Task to complete: Across the whole listing, return each line exactly, with no images included.

Stored data:
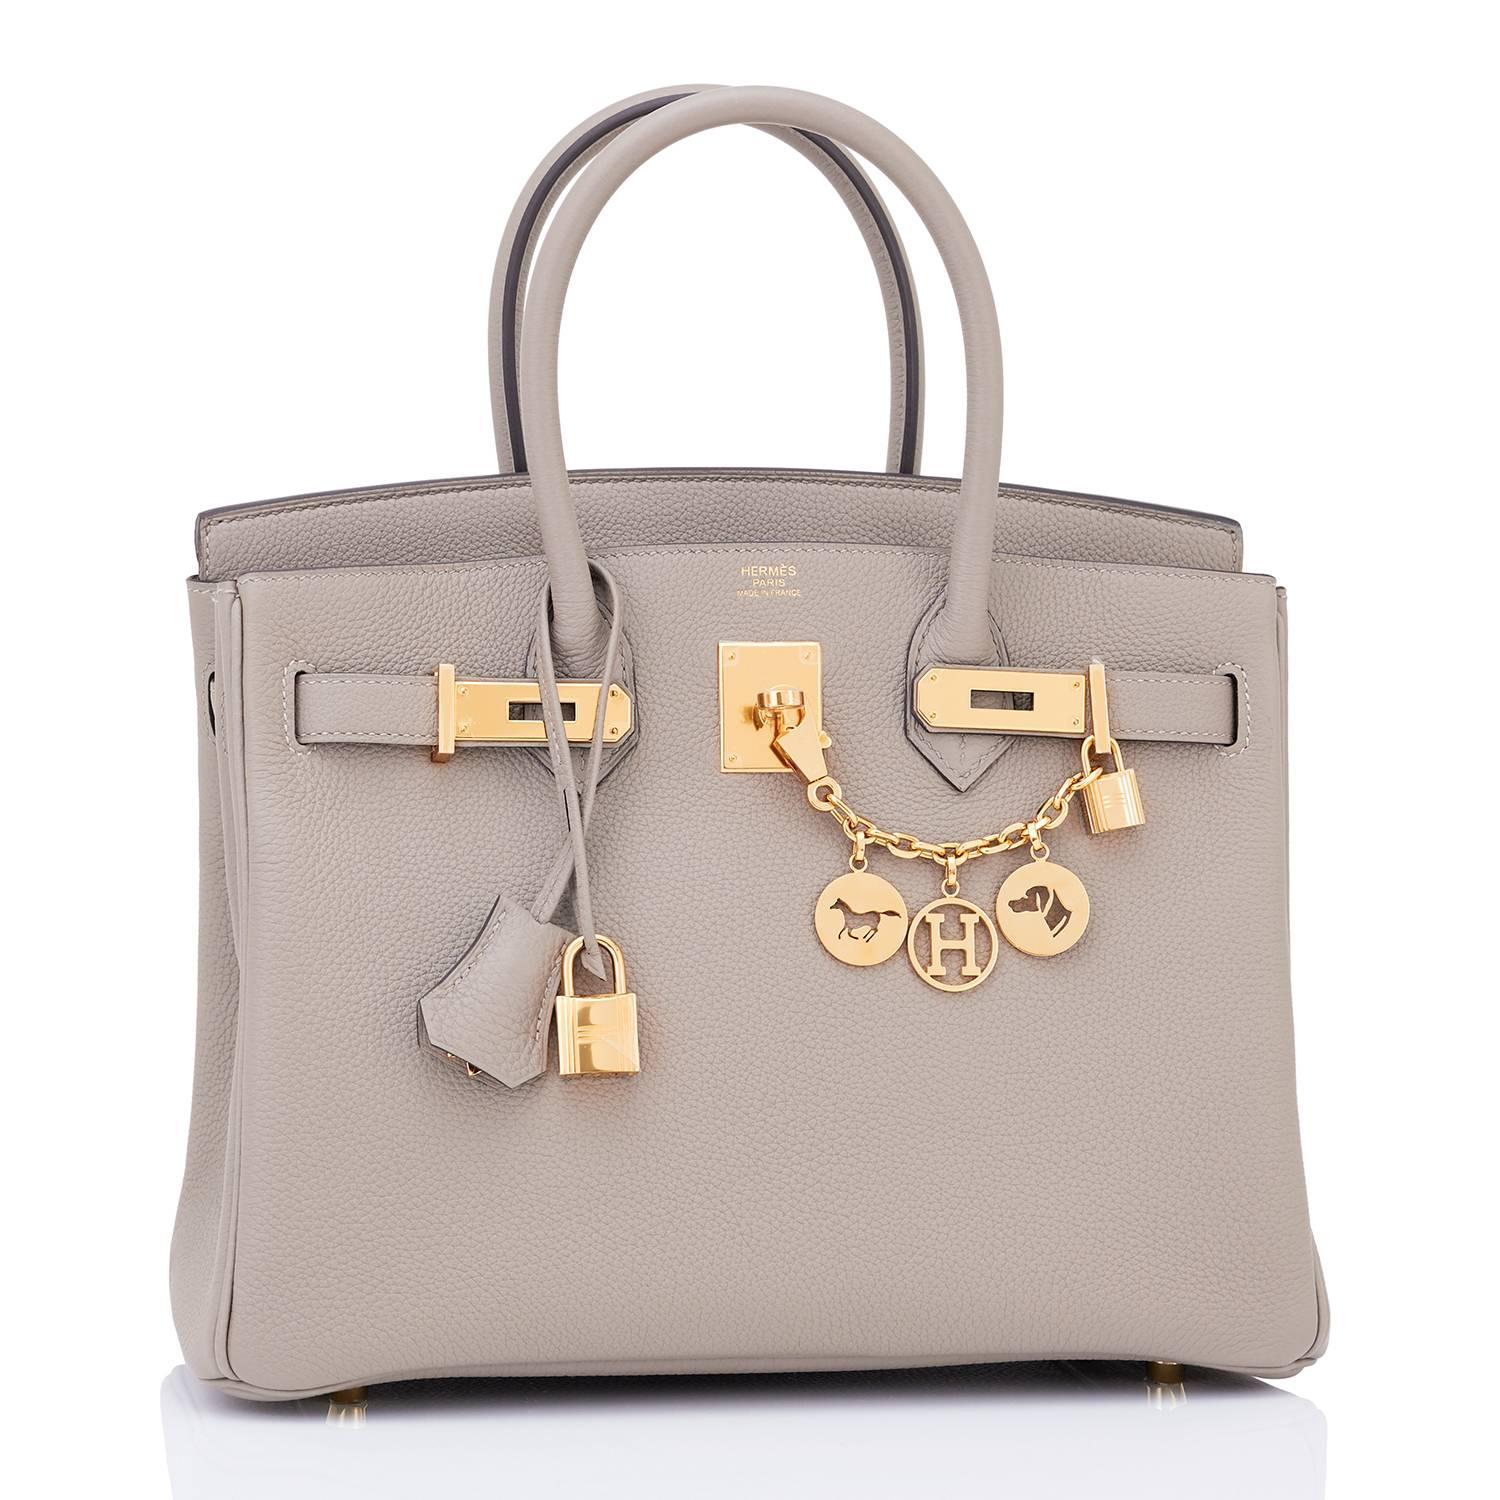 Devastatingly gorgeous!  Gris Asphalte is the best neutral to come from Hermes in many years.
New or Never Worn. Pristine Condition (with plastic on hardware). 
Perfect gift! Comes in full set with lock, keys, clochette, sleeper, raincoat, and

Answer to the exercise:
 Devastatingly gorgeous!  Gris Asphalte is the best neutral to come from Hermes in many years.
New or Never Worn. Pristine Condition (with plastic on hardware). 
Perfect gift! Comes in full set with lock, keys, clochette, sleeper, raincoat, and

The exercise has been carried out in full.